Why should a healthier diet fight depression? There are multiple reasons:

  1. It’s anti-inflammatory. We recently did a podcast on the benefits of an anti-inflammatory diet with Dr. David Seaman, author of The DeFlame Diet. It’s often overlooked that the brain is part of the body, and when you suffer from systemic inflammation, your brain metabolism might be impaired, resulting in altered mood. We see this clearly in rheumatoid arthritis, colitis, and lupus. Merely losing extra body fat attenuates inflammation. The dietary components that are most pro-inflammatory are sugar, refined carbohydrates, and vegetable oils. They permeate the junk foods that make up the SAD diet. By contrast, the Omega 3 oils, plant polyphenols, and herbs that are mainstays of the Mediterranean diet are anti-inflammatory.
  2. It gets you off the blood sugar roller coaster. When you’re “hangry,” it’s not the time to reach for a Snickers bar for a quick fix. Your blood sugar will soar transiently, only to plummet minutes later, perpetuating a vicious cycle of craving and binging. A high percentage of patients with depression are not just hypoglycemic, they’re insulin-resistant. “Type 3 diabetes”—insulin resistance in the brain—has been identified as a cause of mood disturbance and cognitive impairment when the brain’s energy production is compromised.

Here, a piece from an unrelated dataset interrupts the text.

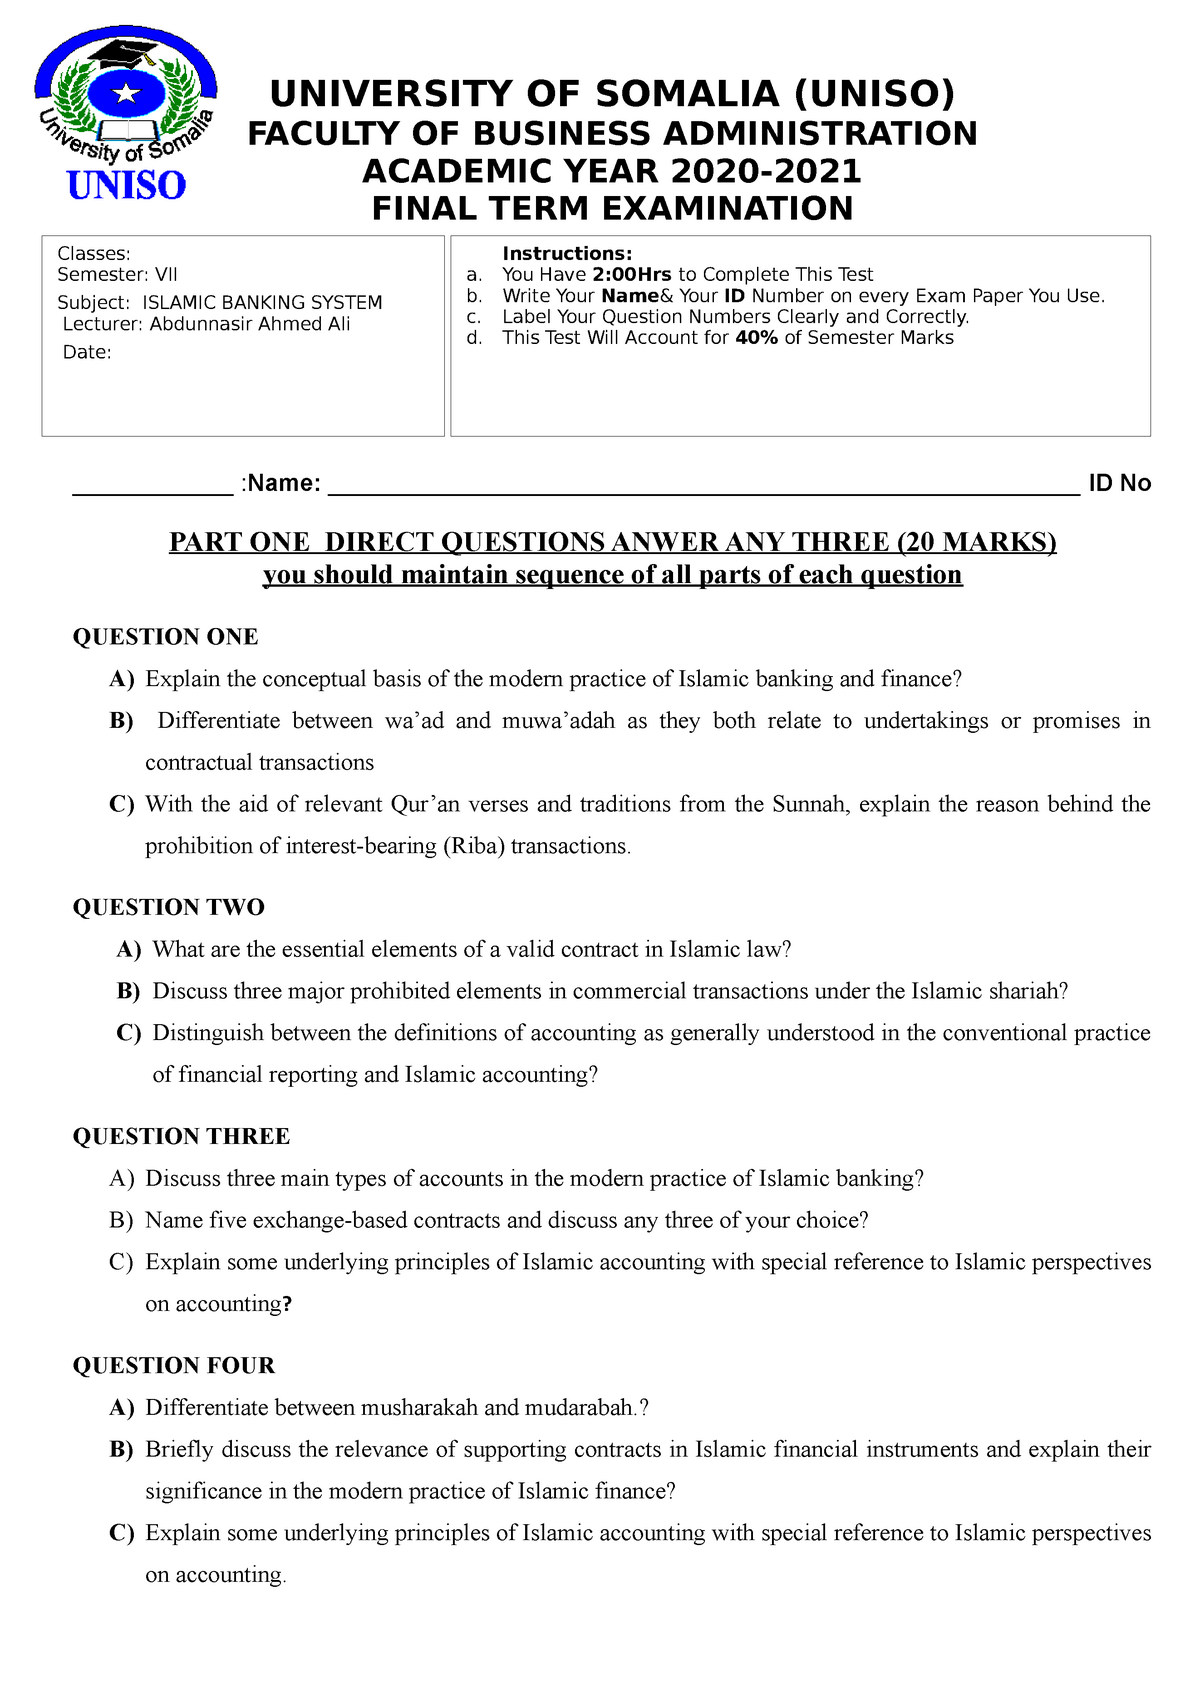 Islamic abnk midterm exam - UNIVERSITY OF SOMALIA (UNISO) FACULTY For islamic loan agreement template

  3. It’s rich in vitamins and minerals. Plant foods provide magnesium, and animal protein is rich in iron, B vitamins, and the amino acids.
  4. It’s a source of Omega 3s. Nuts and fish provide Omega 3 fatty acids like linolenic acid, EPA, and DHA which are natural anti-depressants
  5. It offers sufficient protein. In several recent studies, it was found that a vegetarian diet was associated with higher risk for depression. Part of the problem may be the lack of readily utilizable protein due to a dearth of animal products. Amino acids are essential building blocks for feel-good neurotransmitters.

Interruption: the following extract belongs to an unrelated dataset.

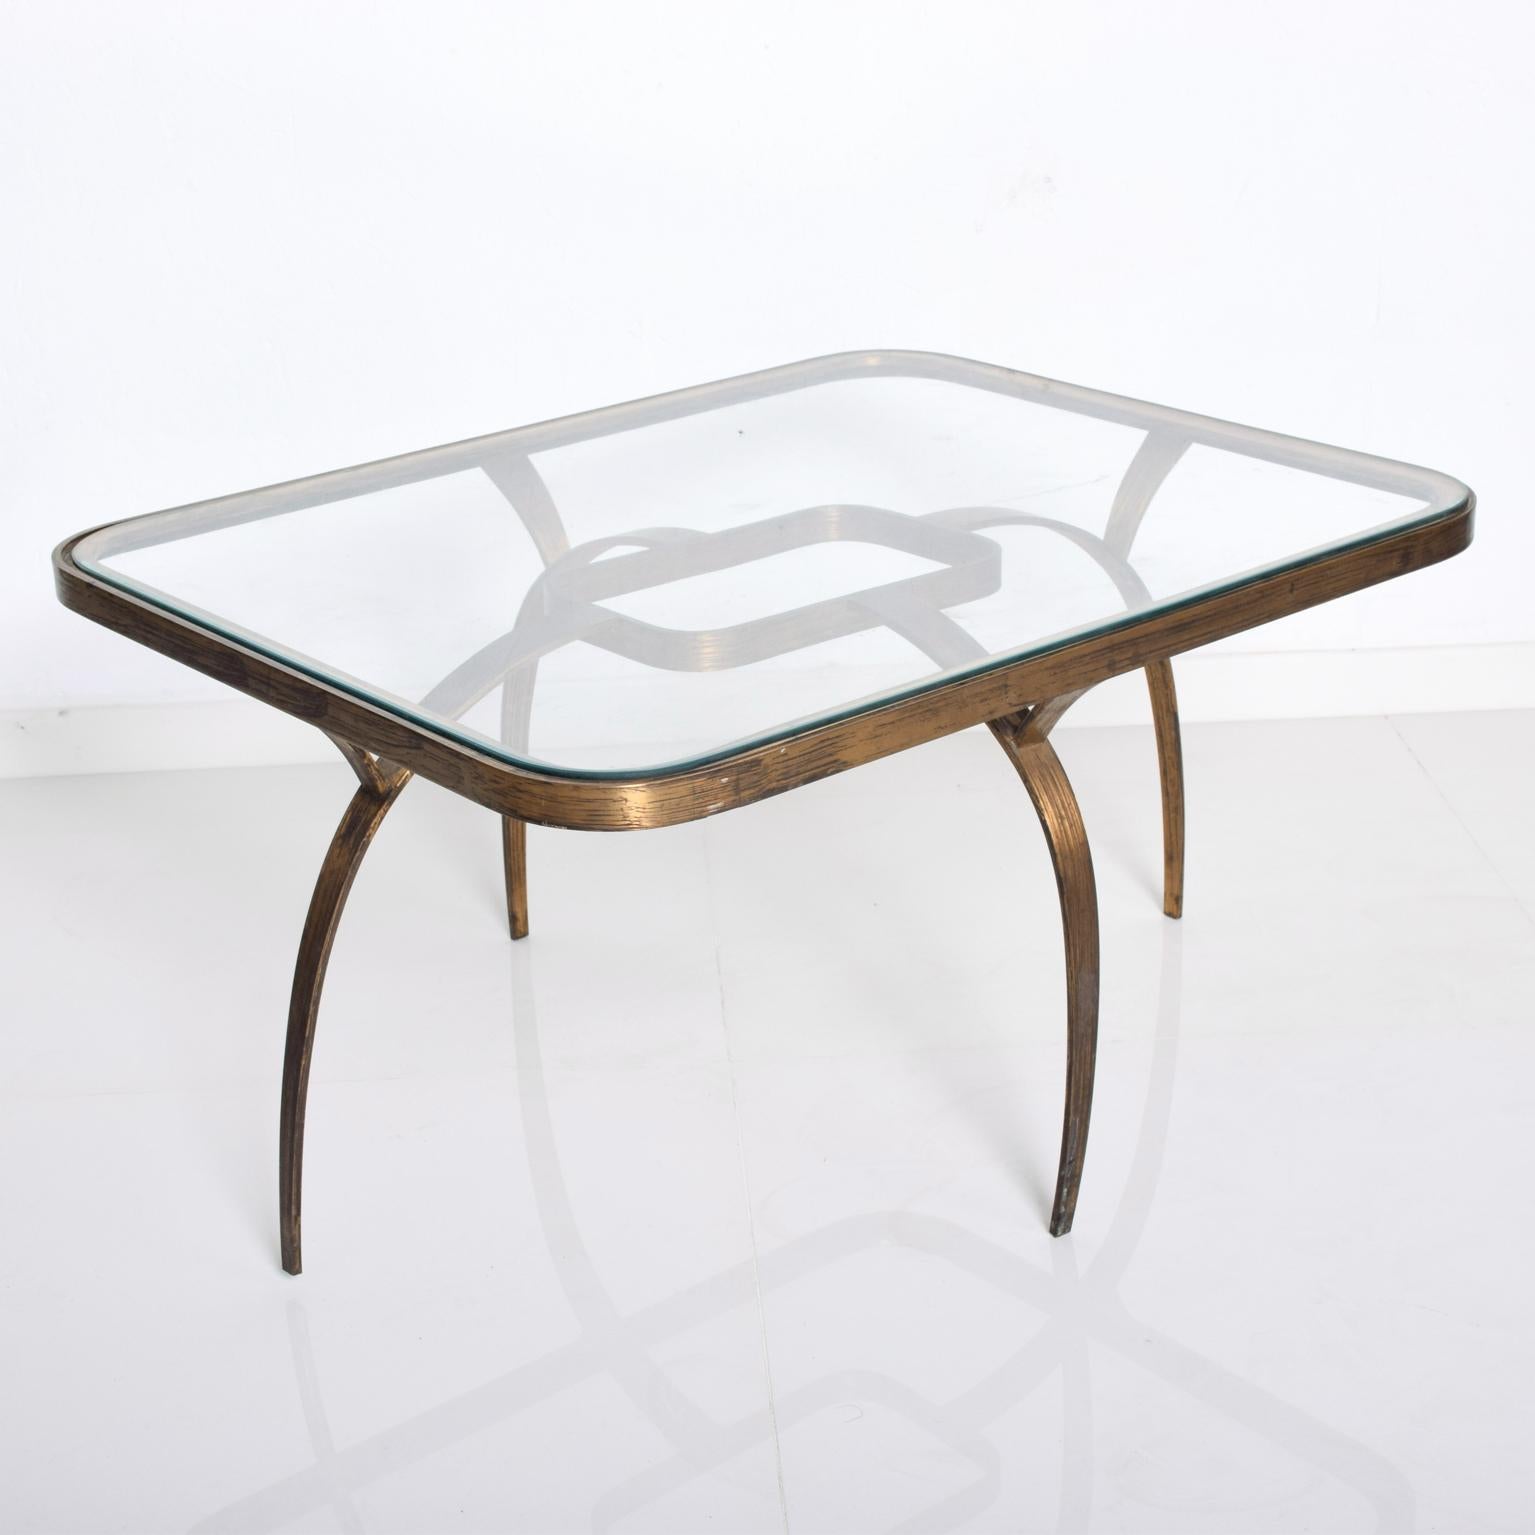 Mid-20th Century Modern Regency Sculptural Bronze Side Coffee Table Arturo Pani 1950s Mexico

  6. There may be microbiome effects. We are increasingly aware that a brain-gut connection exists. Studies suggest that probiotics may alleviate anxiety and depression. Adequate prebiotic dietary fiber is necessary to cultivate healthy intestinal flora. The SAD diet is almost bereft of soluble fiber, and is laden with artificial sweeteners, preservatives and emulsifiers which damage the microbiome.

From the foregoing, it should be obvious that nutrition is an essential adjunct to treatment of depression. Not that it’s a panacea; in an integrative workup, we assess many factors, not just nutritional status. A patient’s depression might be the result of hypothyroidism, adrenal stress, menopause, or andropause. Hormone replacement can be critical. Alternatively, conditions like Lyme disease, viral infections, chronic sinusitis, sleep disorders, heavy metal toxicity, or allergies might be contributory. 

But the SMILES trial is a clarion call for educating health professionals about the benefits of basic nutritional therapy for mood disorders. I get many referrals from psychologists and therapists who feel their patients need an added dimension of care in addition to talk therapy or medication. I strongly believe that it’s high time that every patient suffering from depression undergo a trial of diet change, if not a full program of targeted nutritional supplementation.